DiMSum: A pipeline for processing deep mutational scanning data

Pipeline Stages

Stage 0: DEMULTIPLEX raw reads
Stage 1: QC raw reads
Stage 2: TRIM constant regions
Stage 3: ALIGN paired-end reads
Stage 4: PROCESS variants
Stage 5: ANALYSE counts

Demultiplex samples and trim read barcodes using Cutadapt (optional). This stage is run if a Barcode Design File is supplied (see arguments).

Produce raw read quality reports using FastQC (and unzip and split FASTQ files if necessary).

Remove constant region sequences from read 5’ and 3’ ends using Cutadapt. By default the sequences of 3' constant regions are assumed to be the reverse complement of 5' constant region sequences (see stage-specific arguments).

Align overlapping read pairs using VSEARCH and filter resulting variants according to base quality, expected number of errors and constituent read length (see stage-specific arguments). Unique variant sequences are then tallied using Starcode. For Trans library designs, read pairs are simply concatenated. For single-end libraries, reads are only filtered.
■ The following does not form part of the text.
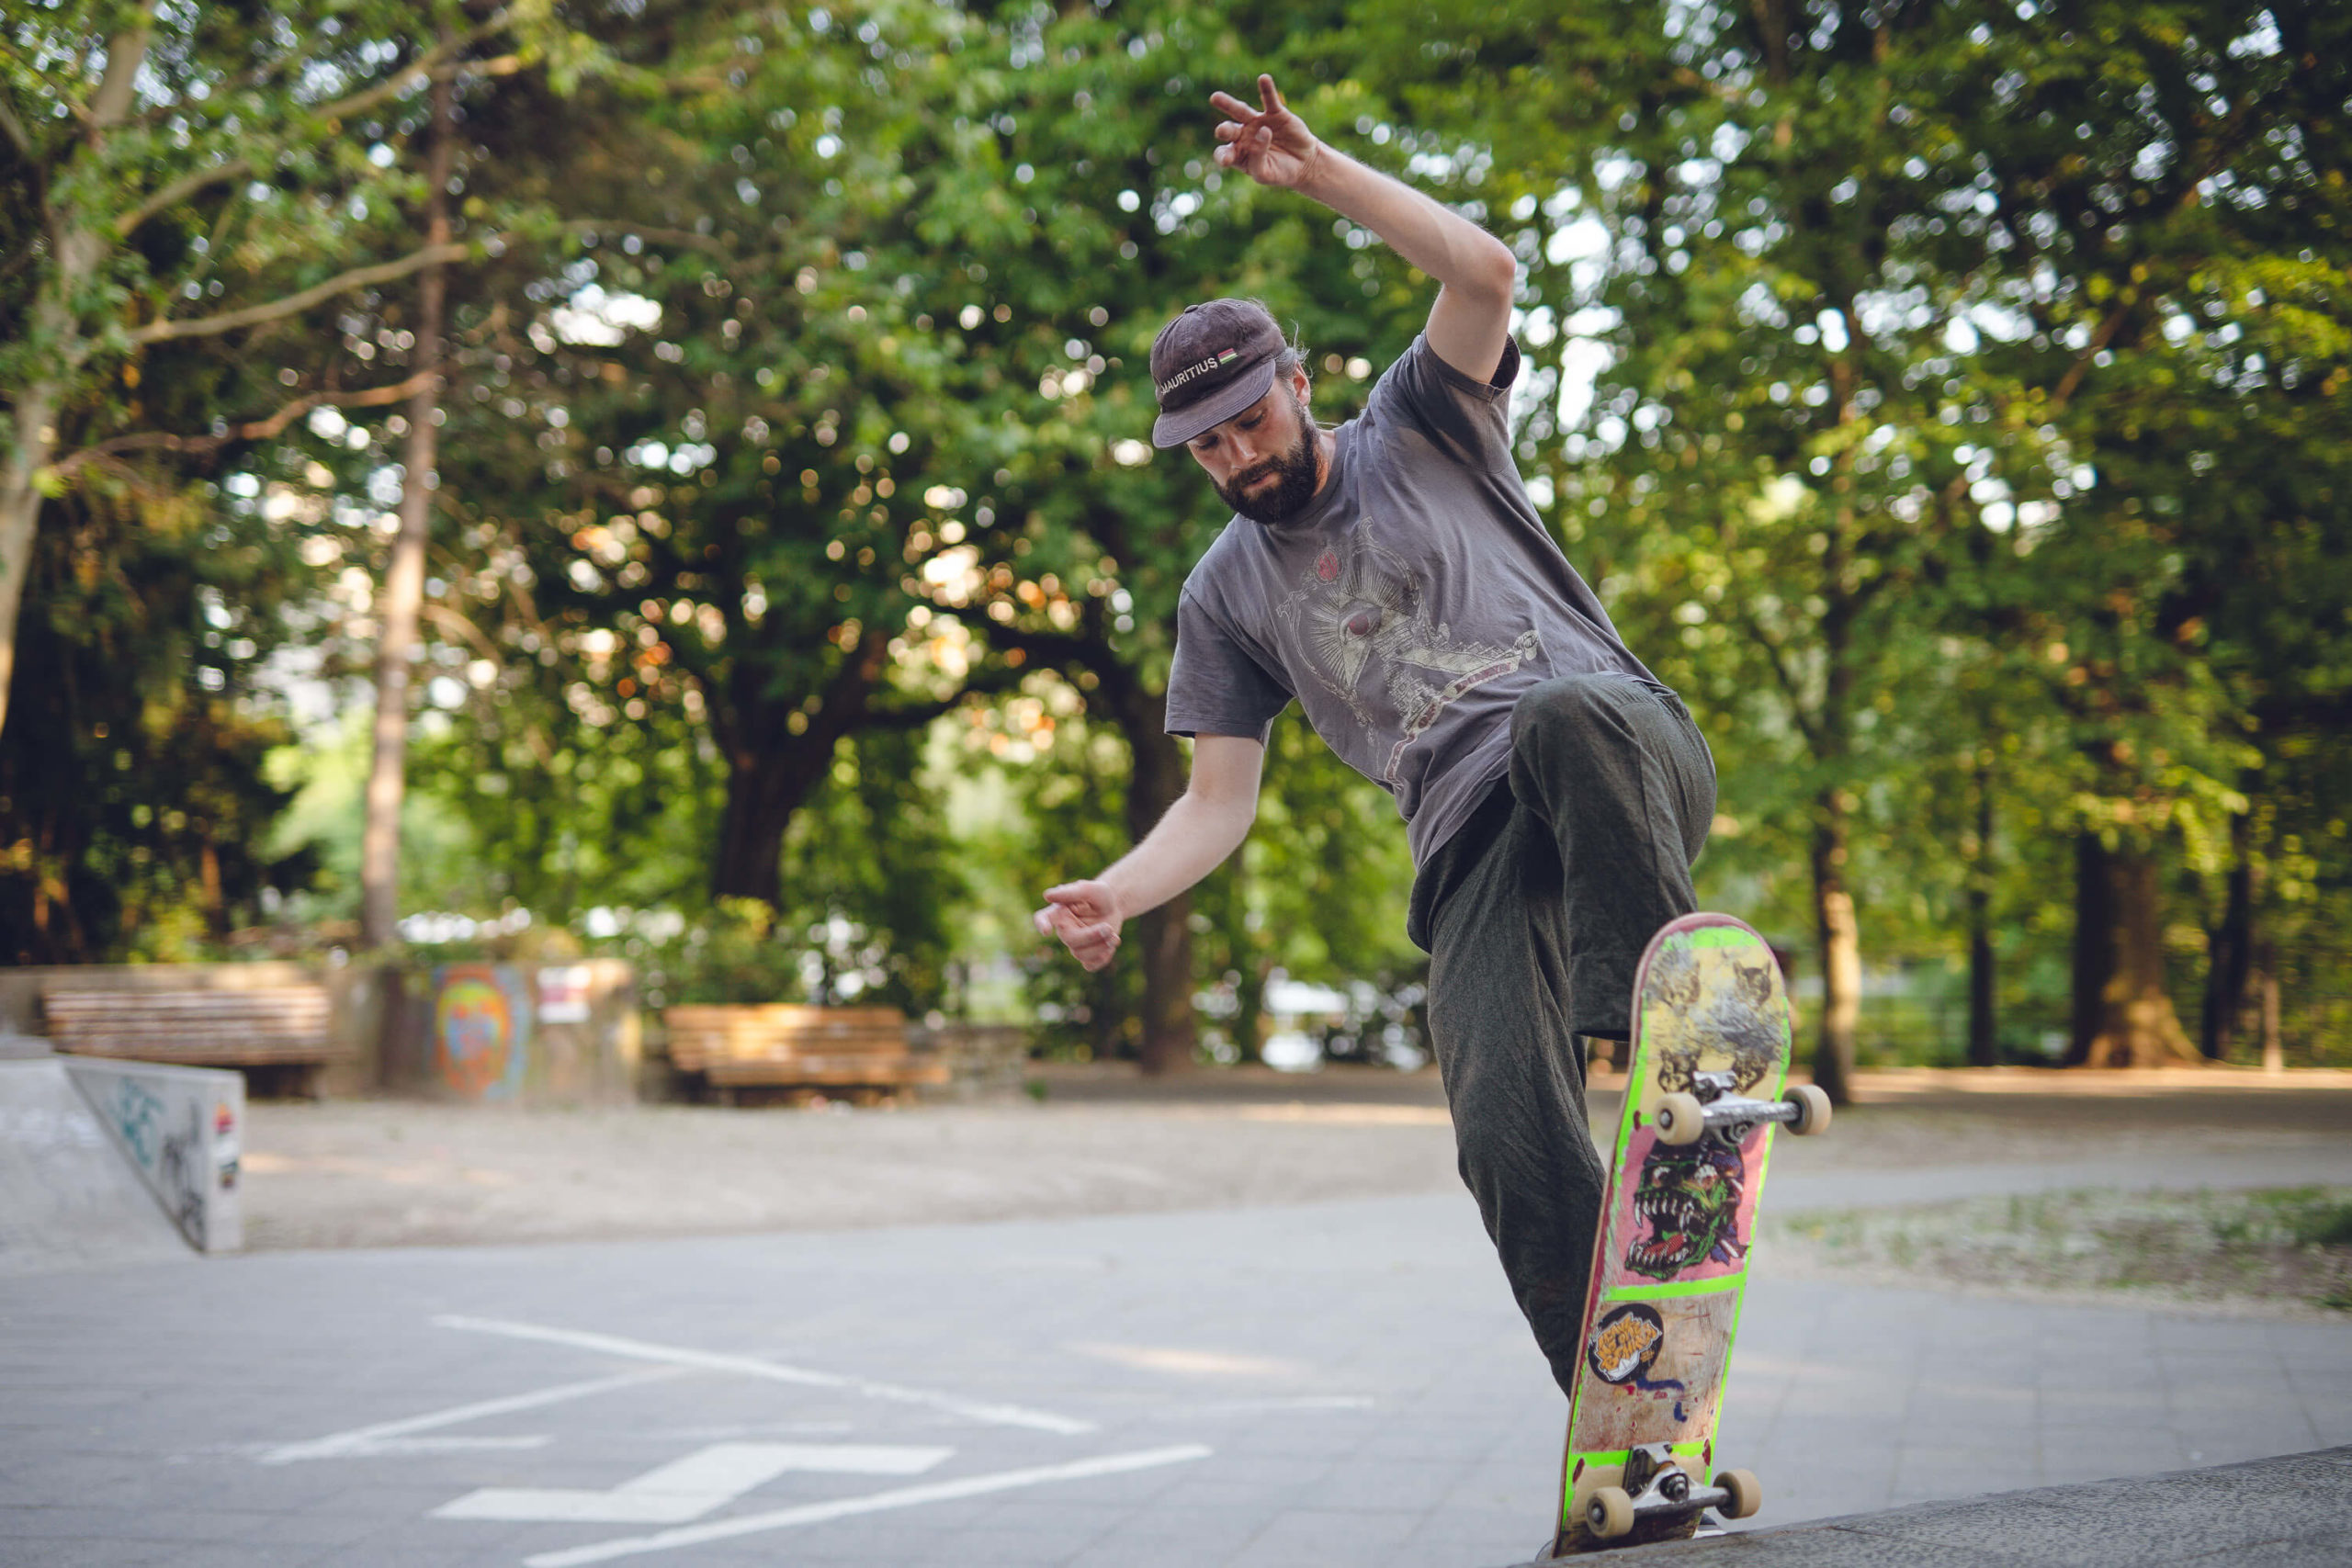 musician Finn of band Auburn light drives skate board in skate park Berlin
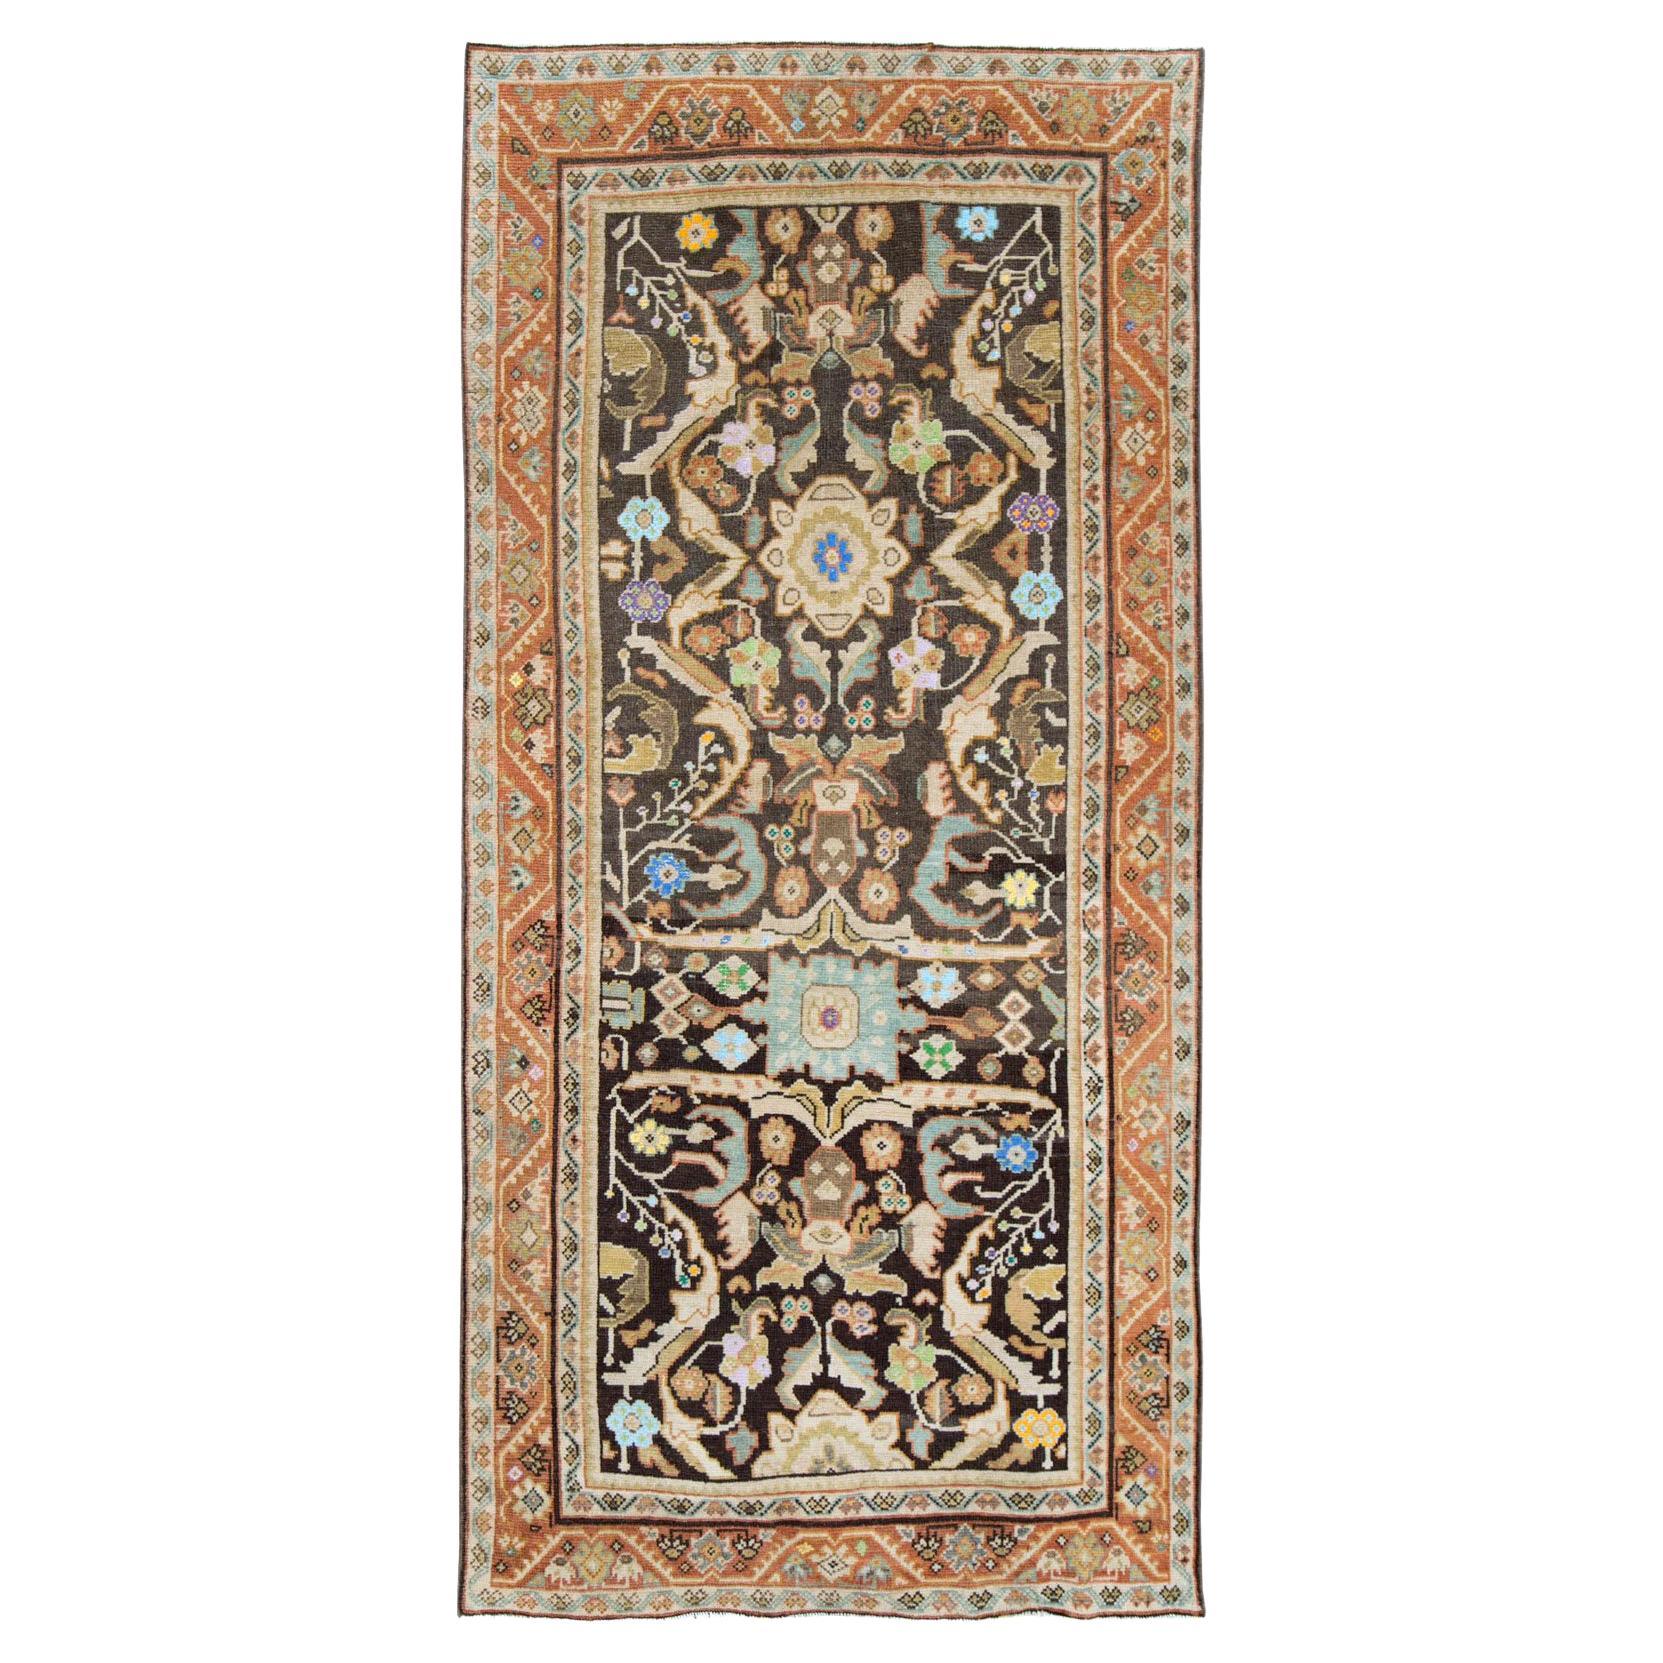 Handgefertigter persischer Mahal-Galerieteppich aus der Mitte des 20. Jahrhunderts

Combine sample-wise variant counts and statistics to produce a unified results data.table. After aggregating counts across technical replicates, variants are processed and filtered according to user specifications (see stage-specific arguments): 4.1 For Barcoded library designs, read counts are aggregated at the variant level for barcode/variant mappings specified in the Variant Identity File. Undefined/misread barcodes are ignored. 4.2 Indel variants (defined as those not matching the wild-type nucleotide sequence length) are removed if necessary (see '--indels' argument). 4.3 If internal constant region(s) are specified, these are excised from all substitution variants if a perfect match is found (see '--wildtypeSequence' argument). 4.4 Substitution variants with mutations inconsistent with the library design are removed (see '--permittedSequences' argument). 4.5 Substitution variants with more substitutions than desired are also removed (see '--maxSubstitutions' argument). 4.6 Finally, nonsynonymous substitution variants with synonymous substitutions in other codons are removed if necessary (see '--mixedSubstitutions' argument).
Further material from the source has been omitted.